The Government of Canada’s funding to Save the Children Canada to provide emergency nutrition and health care in Rakhine State and to MSF-Canada to provide health assistance to vulnerable people, also in Rakhine State, was terminated in March 2015.[117] Ms. Puxley noted that in 2015, Canada provided $6.4 million in humanitarian assistance for the Rohingya in Rakhine and those who were affected by flooding.[118]

The Government of Canada continues to provide humanitarian assistance in other regions of Myanmar. For instance, it is currently funding two organizations that are assisting conflict-affected and displaced people in Kachin State as well as a program responsible for improving access to safe shelter, safe water, sanitation and hygiene in Kachin and Shan States.[119]

Myanmar has been a “country of focus” for development assistance from the Government of Canada since 2014. Ms. Puxley informed us that Daw Aung San Suu Kyi has made clear that she is “very much involved in the coordination of international development assistance in Rakhine state.”[120] In that respect, the Subcommittee was told that the Government of Canada is prepared to discuss with the Myanmar government where Canadian development dollars can best be focussed.[121]
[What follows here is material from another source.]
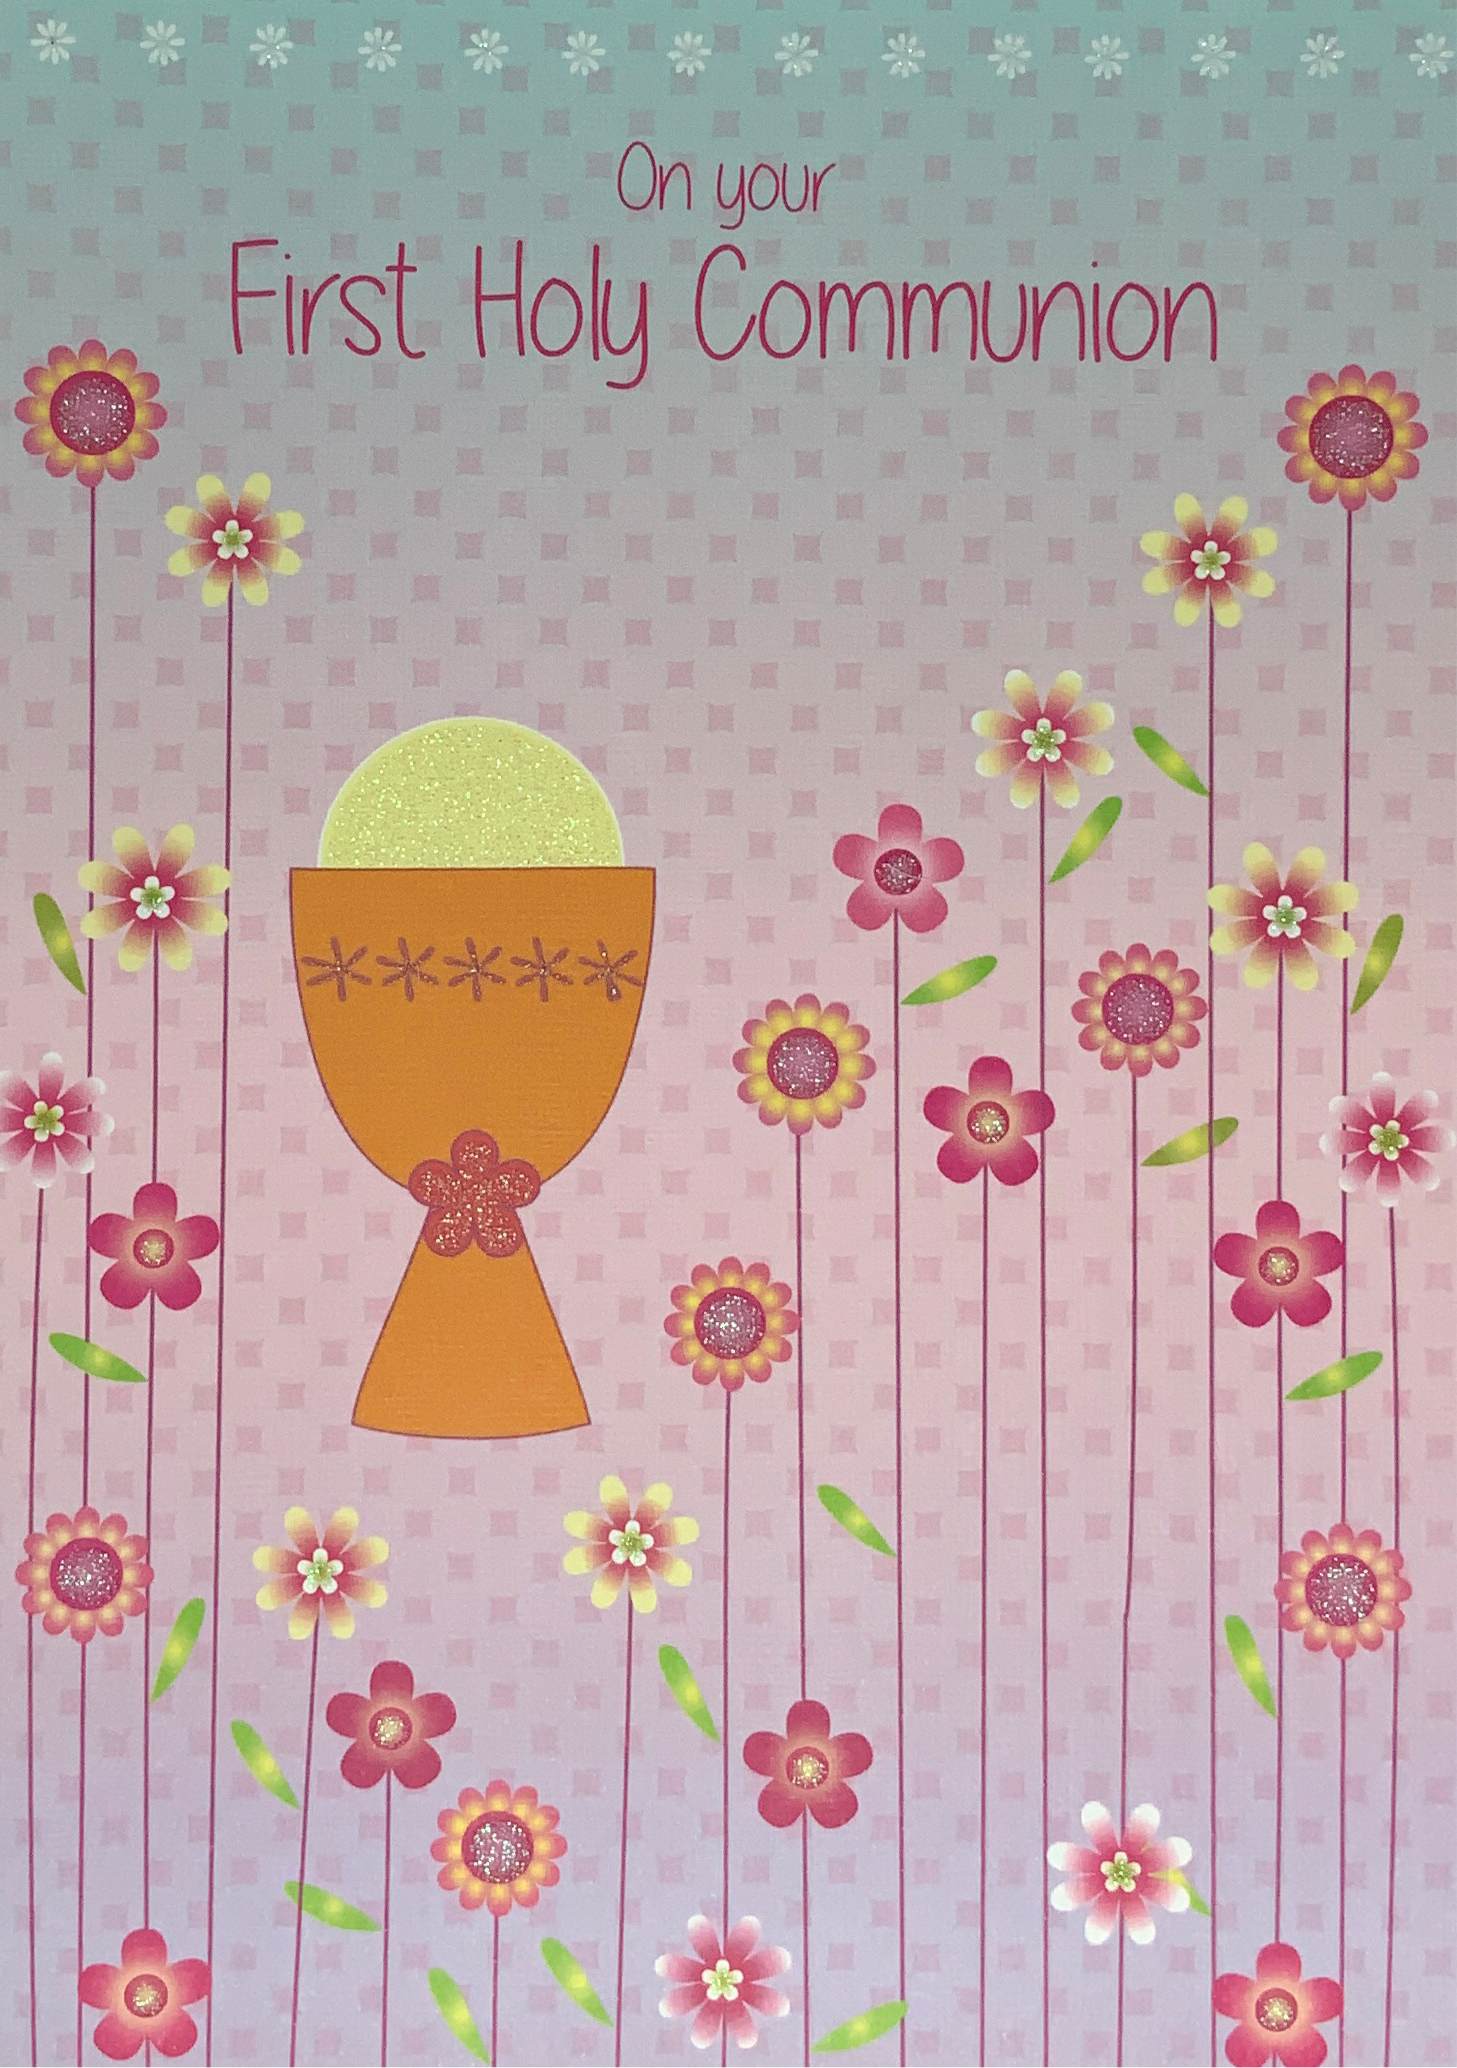 Communion Card - With Every Best Wishes

The Subcommittee therefore recommends:

Recommendation 10

That the Government of Canada continue to support democratic development programs in Myanmar that include technical assistance in the sectors of rule of law and justice. In addition, the Government of Canada should consider establishing or supporting “parliament to parliament” and “government to government” capacity-building and mentorship programs between Canada and Myanmar, and consider facilitating a constitutional and legislative review process that removes discriminatory restrictions on and addresses the needs of the Rohingya and other disenfranchised ethnic and religious minorities in Myanmar.

Recommendation 11

That the Government of Canada participate in initiatives organized by the diplomatic community in Myanmar to coordinate advocacy and programming for human rights reform and democratic development with other donors, such as like-minded governments and international institutions.

Recommendation 12

That the Government of Canada reassess its sanctions against Myanmar to ensure that it maximizes its deterrent effect on actors preventing the Rohingya from exercising their human rights, including those who incite anti-Muslim hatred and violence, without hampering development and democratization efforts.

Recommendation 13

That the Government of Canada, through its development assistance programming, ensure that the Rohingya in Myanmar as well as the Rohingya migrants in neighbouring countries benefit from Canadian programming and aid.

Conclusion

First and foremost, the Subcommittee wishes to thank all the witnesses whose testimony was crucial to informing this study. In particular, we would like to recognize U Shwe Maung for his efforts as a former Rohingya parliamentarian in sharing his experiences with Subcommittee members at great personal risk to himself. During his testimony, he revealed that there is an arrest warrant against him for speaking out to the international community on behalf of his people. The Subcommittee notes his courage and persistence in advocating for the human rights of the Rohingya.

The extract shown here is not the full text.